As a policy advisor in San Antonio to then-Mayor Julian Castro, Manoj Mate led the launch of the city’s first Mayor’s Fitness Council, bringing together partners from health departments, nonprofit organizations like the YMCA and a grocery store chain to help improve health and wellness.
“While government can be a major driver of progress, public-private partnerships involving the community, private sector, and nonprofits are critical to the success of transformational change,” Mate says.
Mate brings this experience in coalition building and a passion for social justice and equity to his new role as the inaugural faculty director of DePaul Law’s Racial Justice Initiative.
Launched in the fall, the initiative will bring together students, lawyers, researchers, policymakers and activists to collaborate on community-driven solutions to advance racial justice, specifically in Chicago and Illinois. Working at the nexus of public policy and the legal system, RJI will take an interdisciplinary approach to tackling racial injustice and inequity in policing, housing, economic opportunity, education, health and voting rights.
Mate, who in his decade as a legal academic has also worked on voting rights initiatives, is not intimidated by the long list of challenges the RJI aims to take on.
“We often have siloed approaches to policy change," he says. "Our initiative seeks to promote collaboration and build synergies across different sectors and constituencies.”
Nathan Fleming, the inaugural fellow, shares this view and connects it to his extensive experience in local government policy. For the last several years, he served as legislative and committee director of the Council of the District of Columbia, where he developed programs to address housing insecurity, reform policing and promote entrepreneurship in the nation’s capital.
Fleming is earning his doctorate in education from the University of Pennsylvania and views his role as a scholar and activist.
“I’ve been intentional about not only being in the marketplace of ideas and a producer of research, but also having an opportunity to implement what we're learning," he notes.
Providing both research and practical application was part of the reason Julie Lawton, clinical law professor, collaborated with advancement on the creation of the RJI through a private donor.
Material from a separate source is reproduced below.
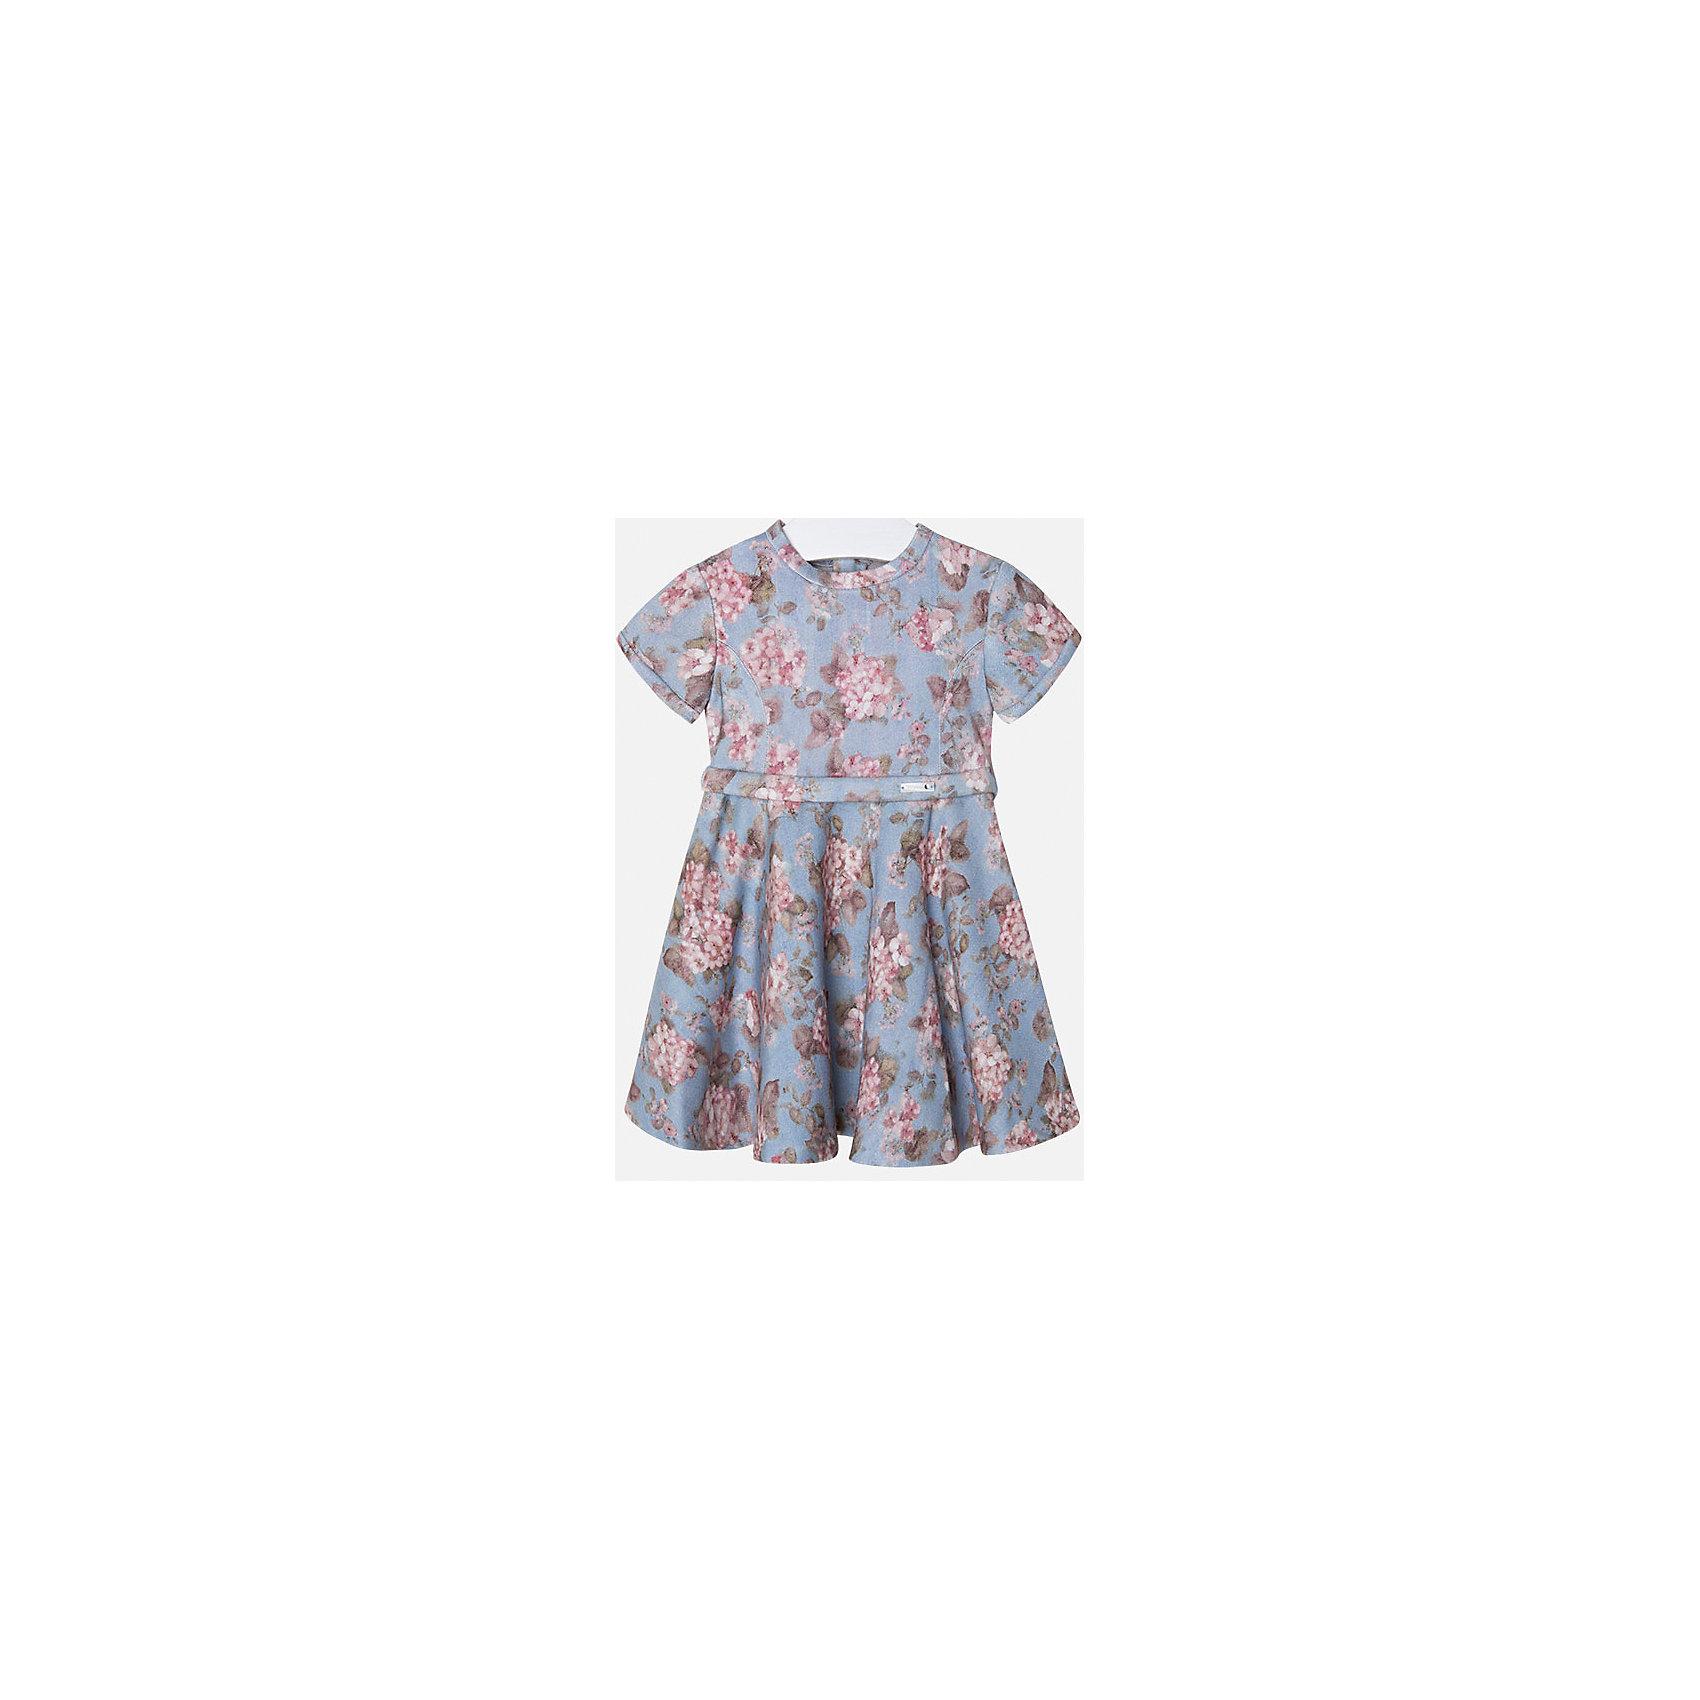 Платье для девочки MayoralОдежда<br>Нарядное платье Mayoral в цветочек отлично подойдет для любого торжества. Выполнено из мягкой ткани, приятной на ощупь. Платье с коротким рукавом, пышной юбкой и приталенным пояском. Сзади застегивается на молнию.<br><br>Дополнительная информация: <br><br>- цвет: голубой<br>- состав: 68 % вискоза, 30 % полиэстер, 2 % эластана<br>- вырез горловины: округлый<br>- длина рукава: короткий<br>- вид застежки:  застежка сзади<br>- покрой: прямой<br>- фактура материала: трикотажный<br>- тип карманов: без карманов<br>- уход за вещами: бережная стирка при 30 градусах<br>- назначение: повседневная<br>- конструктивные элементы: без разреза<br>- пол: девочки<br>- страна бренда: Испания<br>- страна производитель: Китай<br>- комплектация: платье<br><br>Платье для девочки торговой марки Mayoral можно купить в нашем интернет-магазине.<br><br>Ширина мм: 236<br>Глубина мм: 16<br>Высота мм: 184<br>Вес г: 177<br>Цвет: синий<br>Возраст от месяцев: 96<br>Возраст до месяцев: 108<br>Пол: Женский<br>Возраст: Детский<br>Размер: 128,110,122,134,98,116,104<br>SKU: 4844477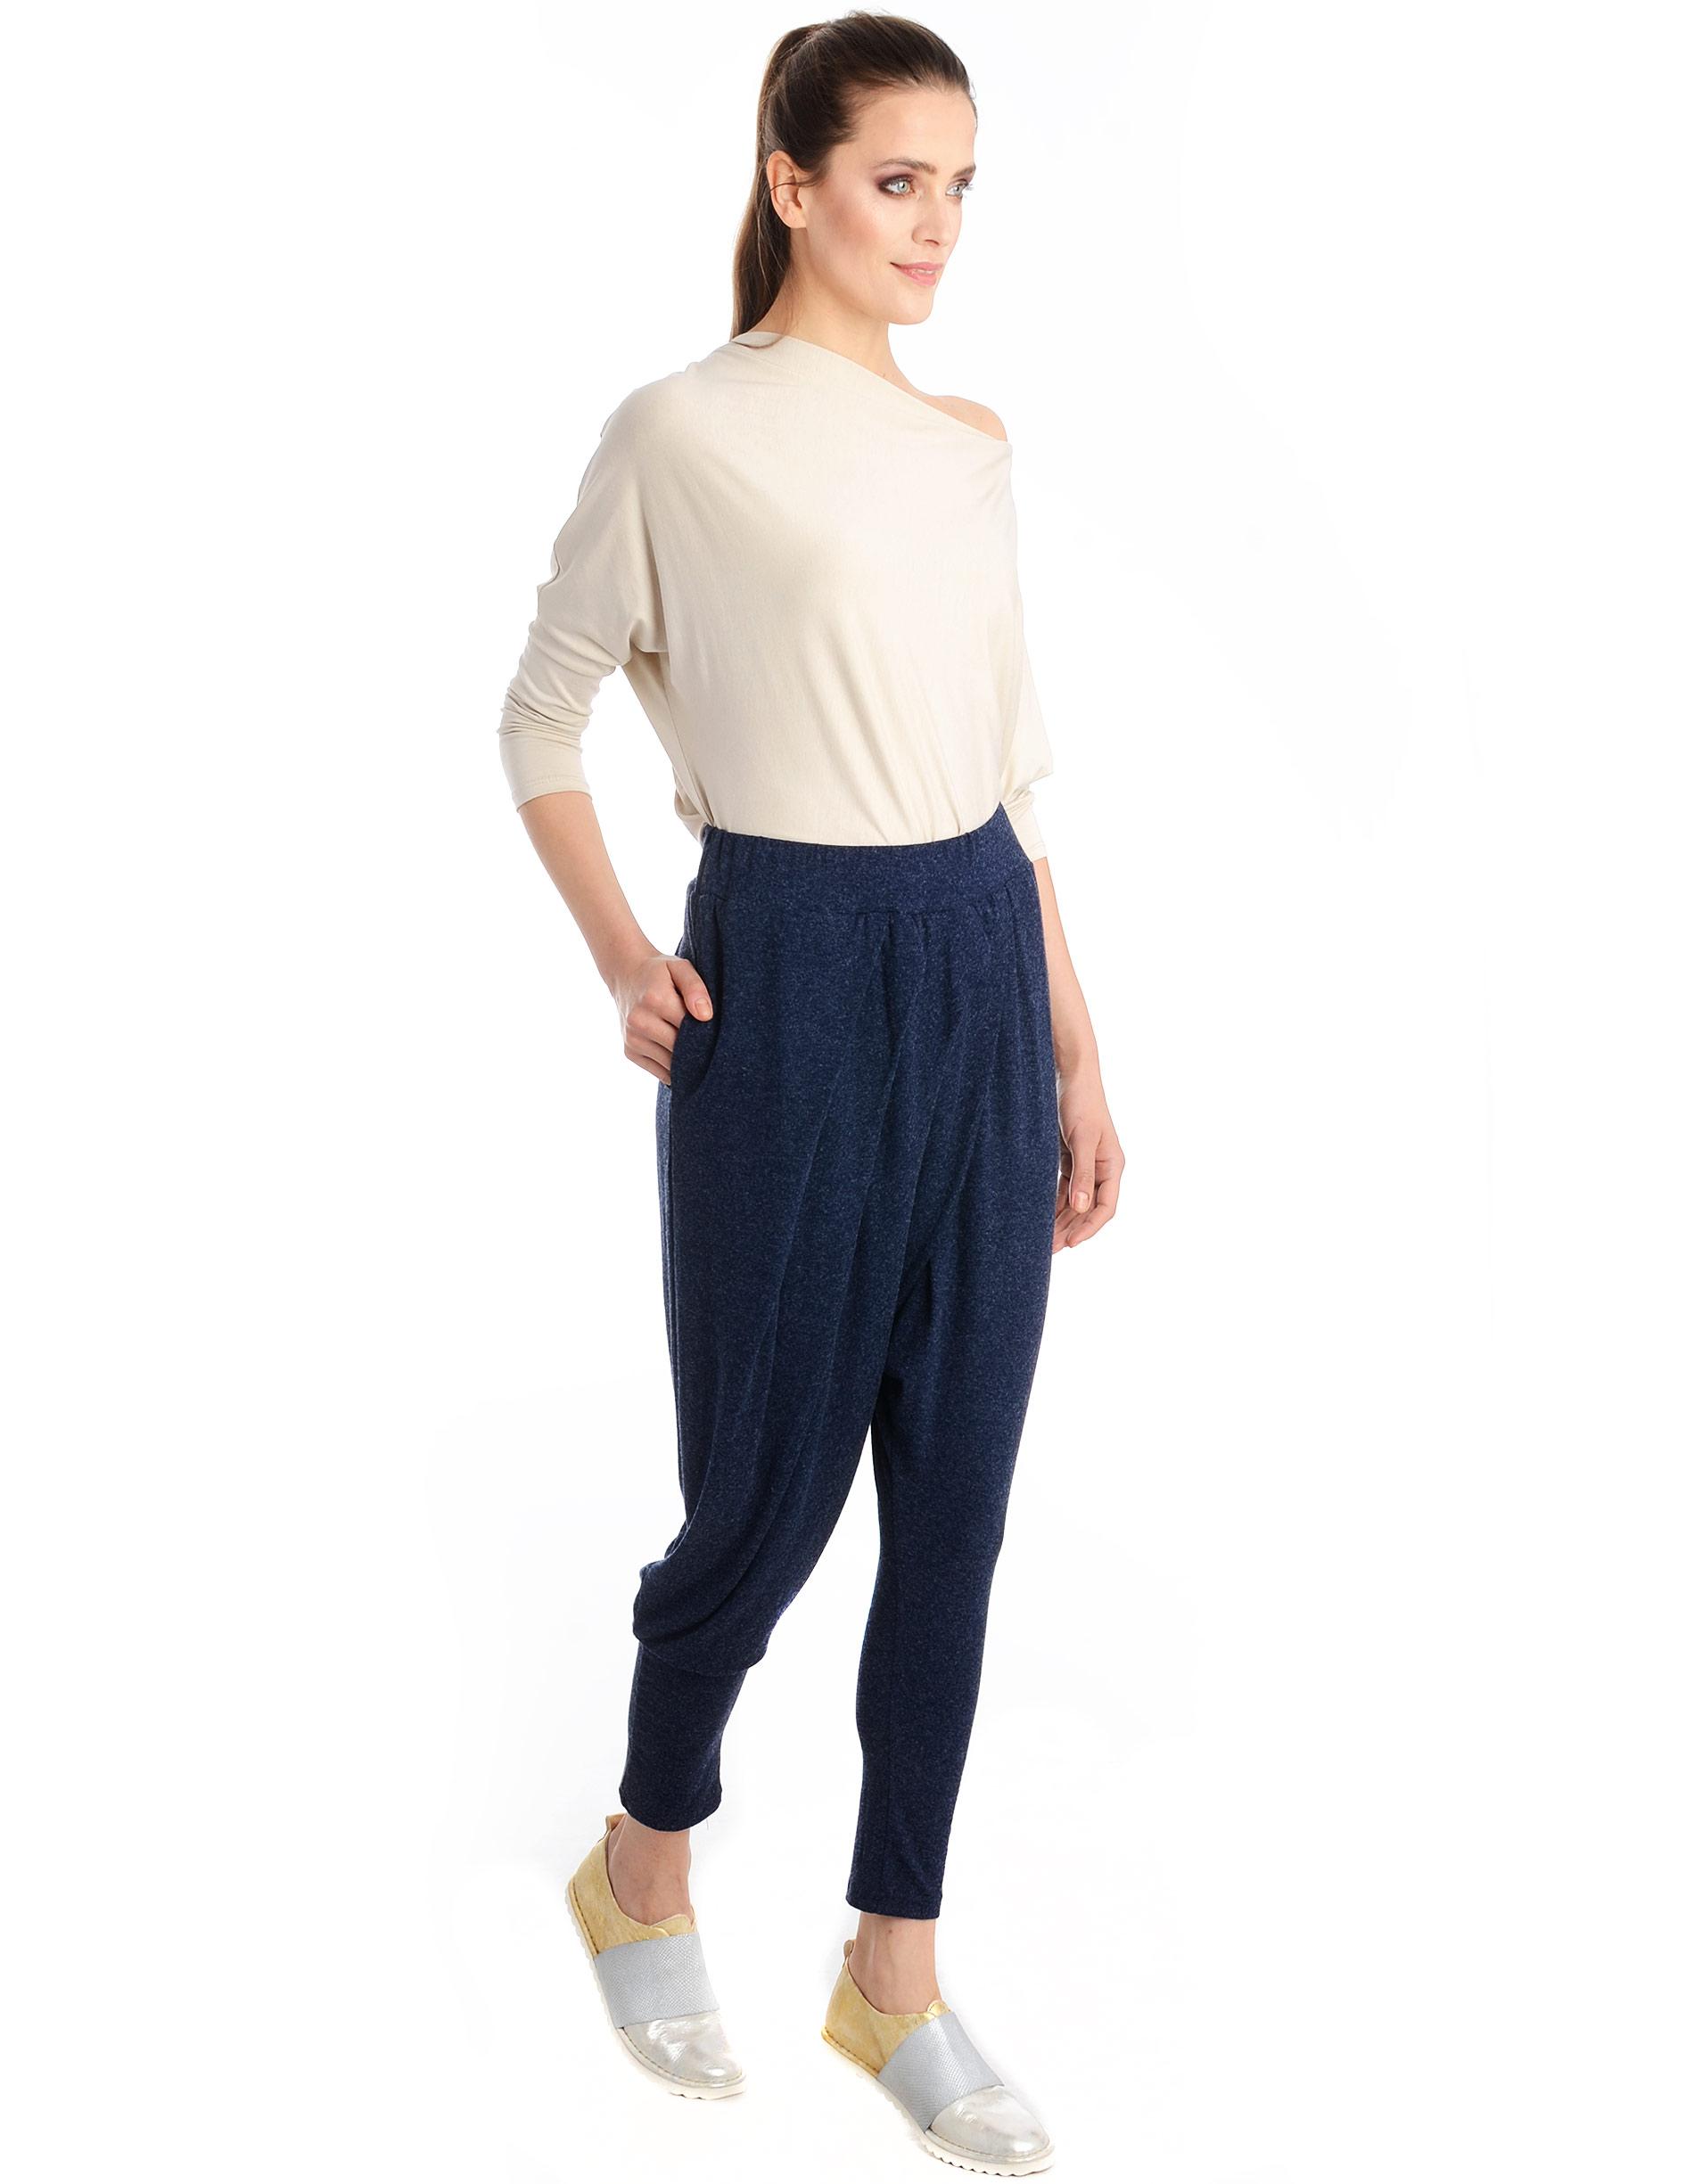 Spodnie - 30-66047 BLSC - Unisono

“There is significant need in Chicago for action. I wanted the initiative to really allow us to do something that would have an effect and not just be further conversation,” Lawton says.
Law students will also have the opportunity to contribute to the RJI through work as research assistants. The initiative will hire its first set of research assistants in the spring.
The RJI is an extension of the law school’s long-standing commitment to diversity, equity and inclusion, as well as the city of Chicago, says Jennifer Rosato Perea, dean for the college.
“We continue to address the pressing needs of the city’s most vulnerable populations through experiential learning, pro bono work, and our programs of excellence,” she says. “Through this initiative, we can create synergies and bring in more collaborators and partners to make this work even more impactful.”
Mate holds a JD from Harvard Law School and a doctorate in political science from the University of California, Berkeley. Fleming earned law and public policy degrees in a joint program between Berkeley and Harvard. Fleming also served his hometown as the District of Columbia’s Shadow U.S. Representative, an elected advocate for the district’s statehood and self-determination in Congress.